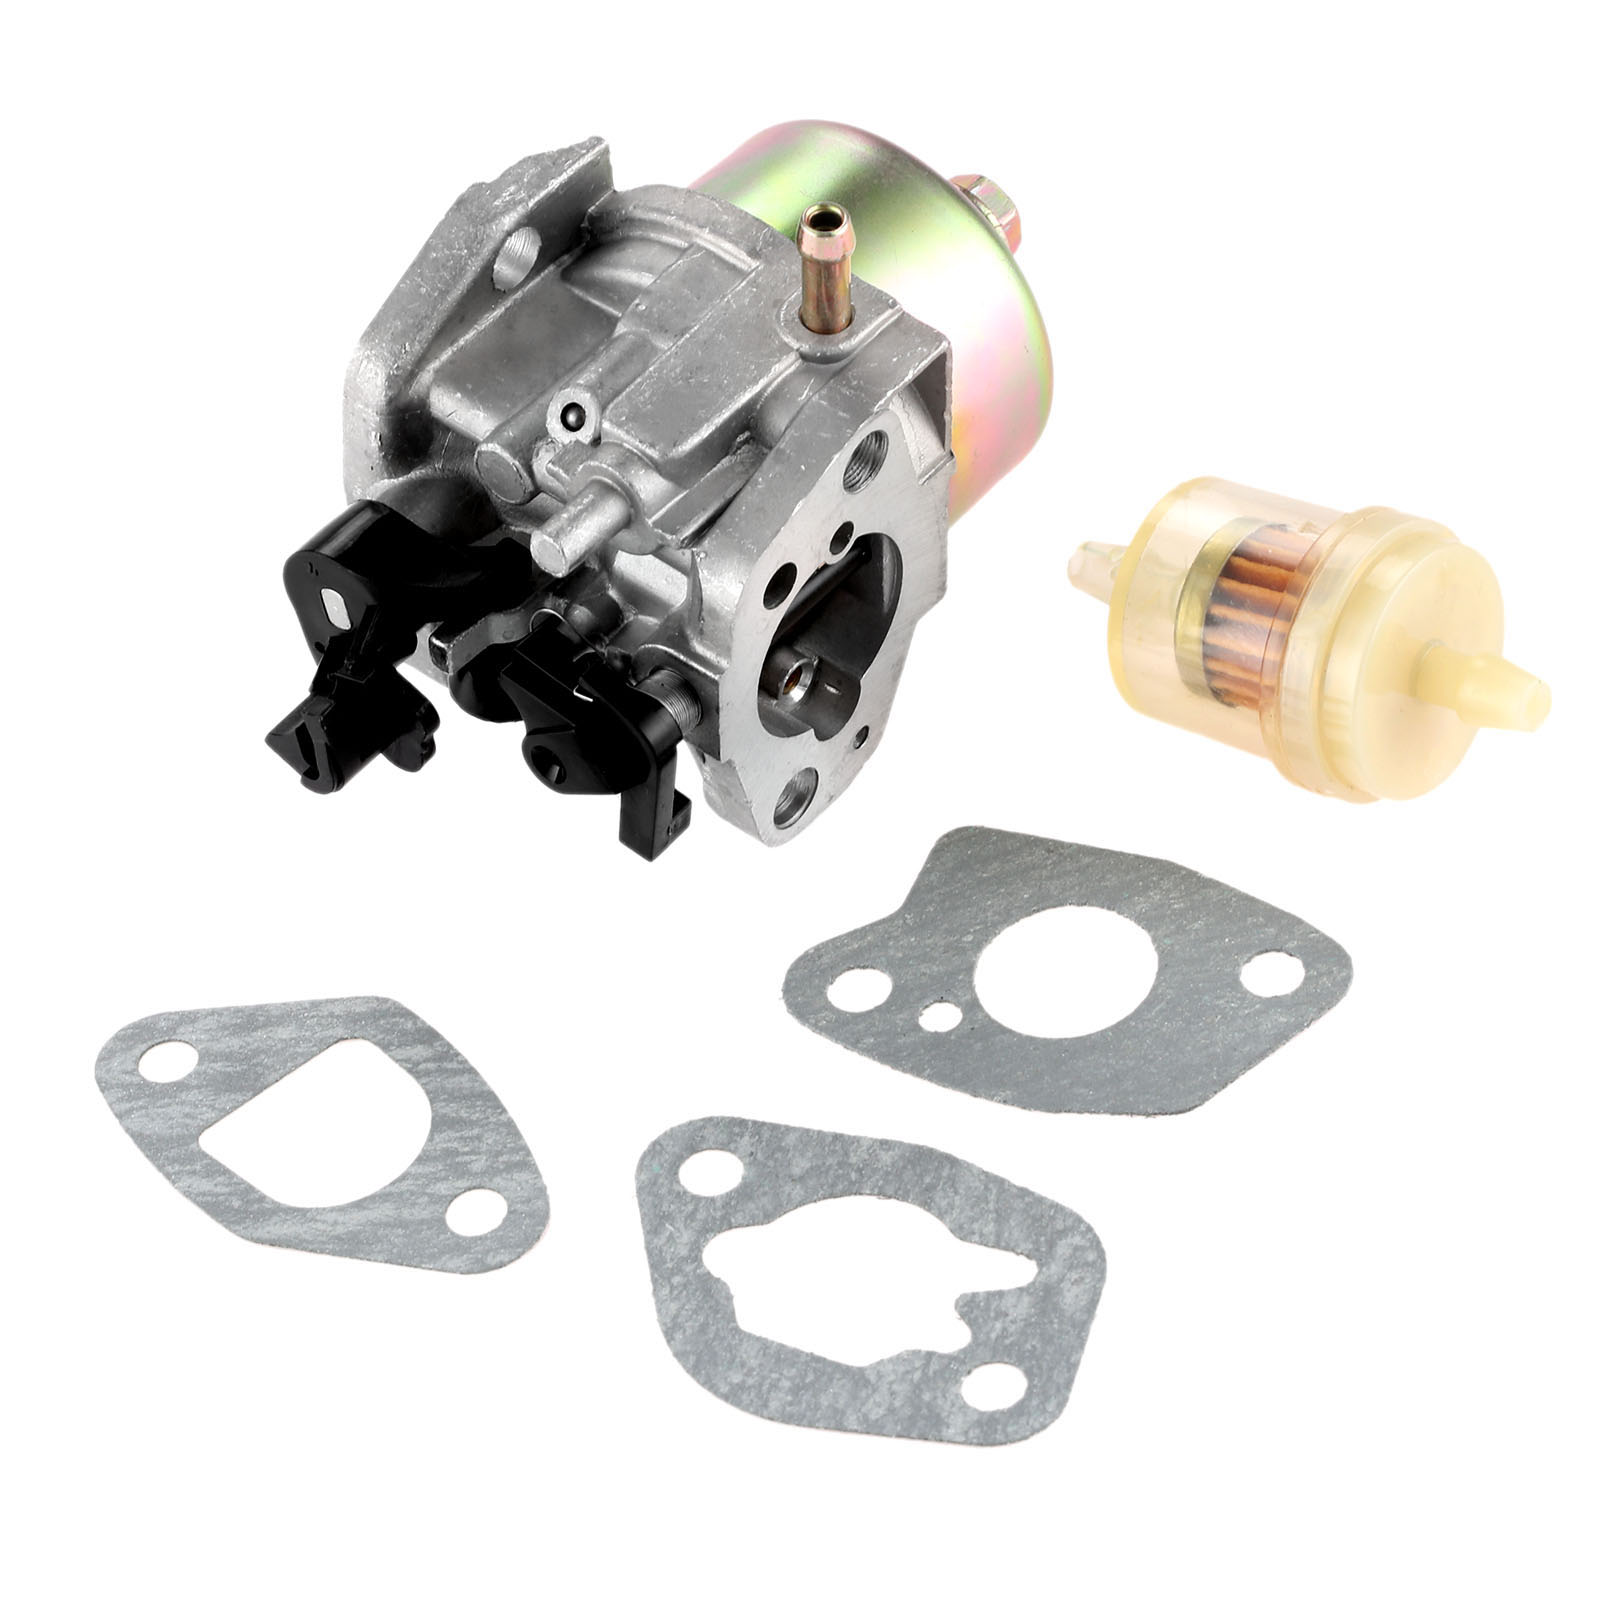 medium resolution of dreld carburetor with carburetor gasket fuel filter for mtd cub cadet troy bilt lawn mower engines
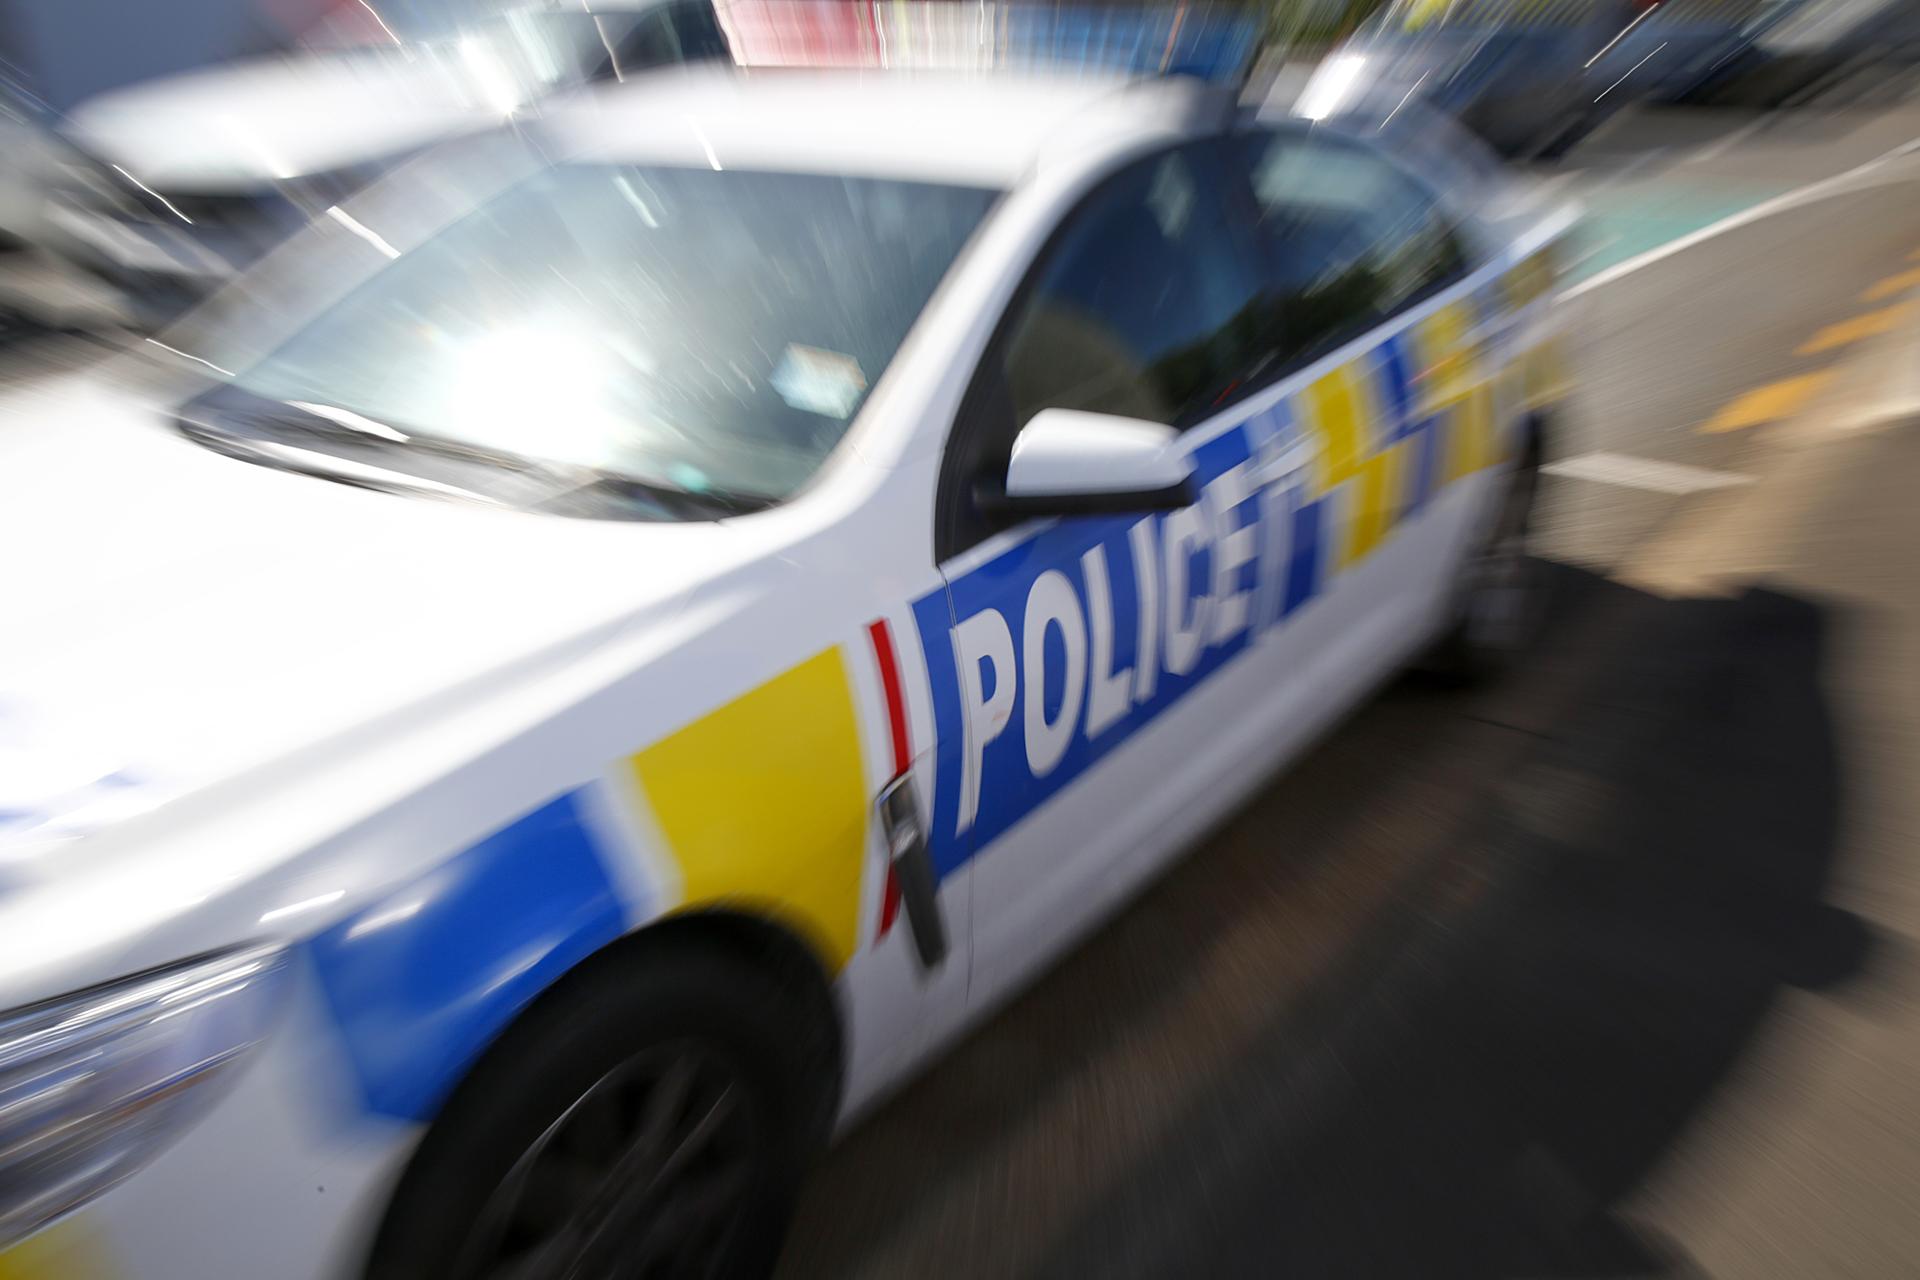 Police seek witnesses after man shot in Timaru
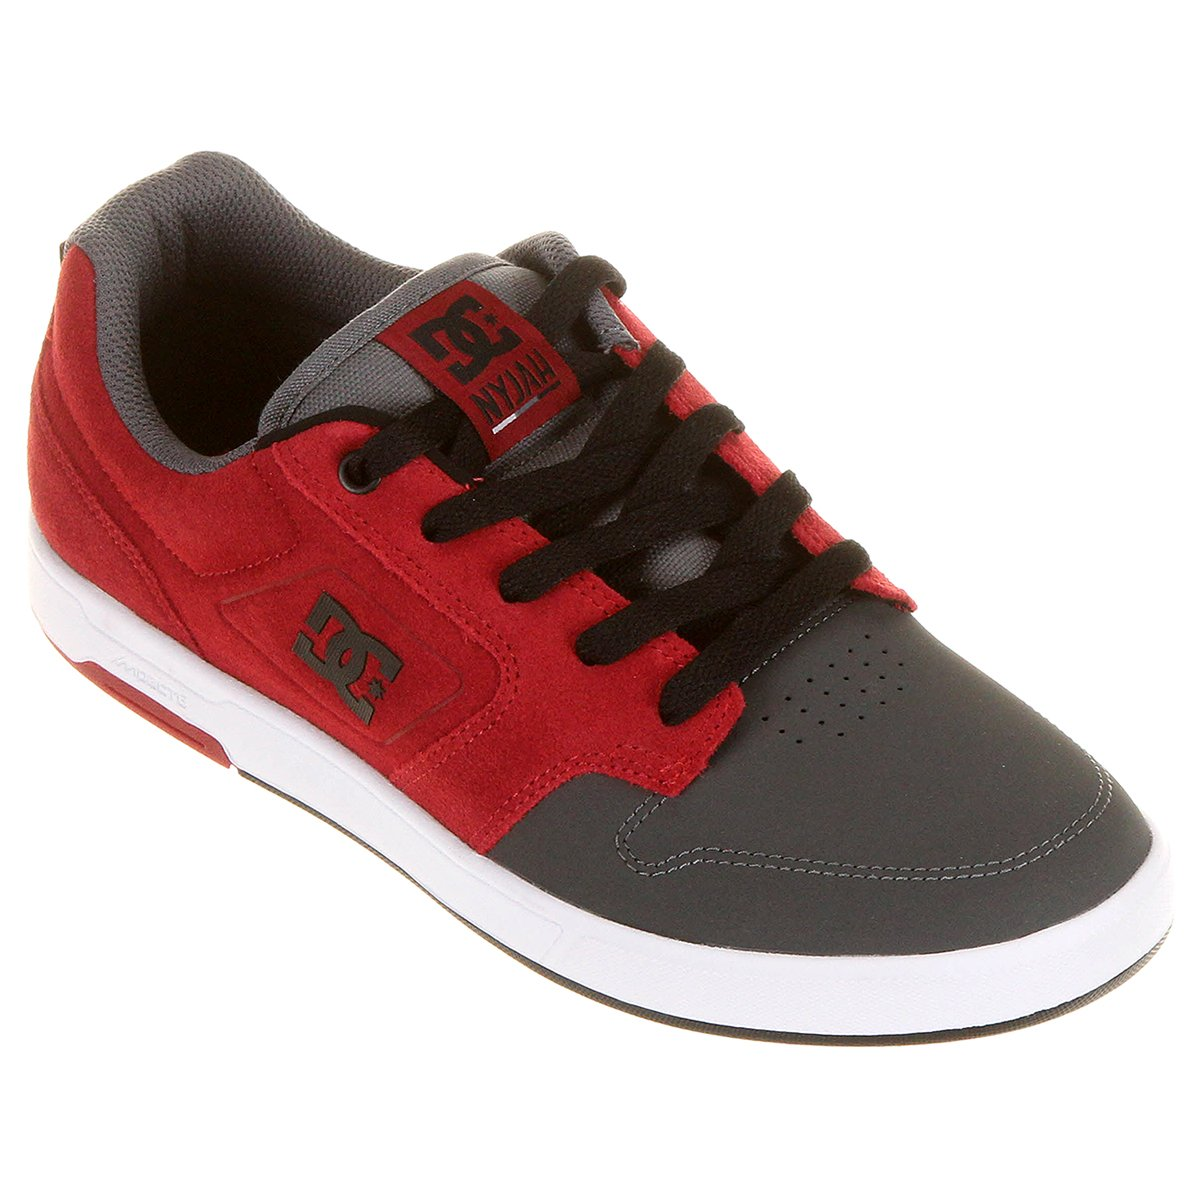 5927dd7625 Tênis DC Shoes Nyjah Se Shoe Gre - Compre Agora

**Exercise prompt**
Please copy out the whole listing exactly, minus its pictures.

**Exercise output**
 medium resolution of dreld carburetor with carburetor gasket fuel filter for mtd cub cadet troy bilt lawn mower engines
 Police seek witnesses after man shot in Timaru
 5927dd7625 Tênis DC Shoes Nyjah Se Shoe Gre - Compre Agora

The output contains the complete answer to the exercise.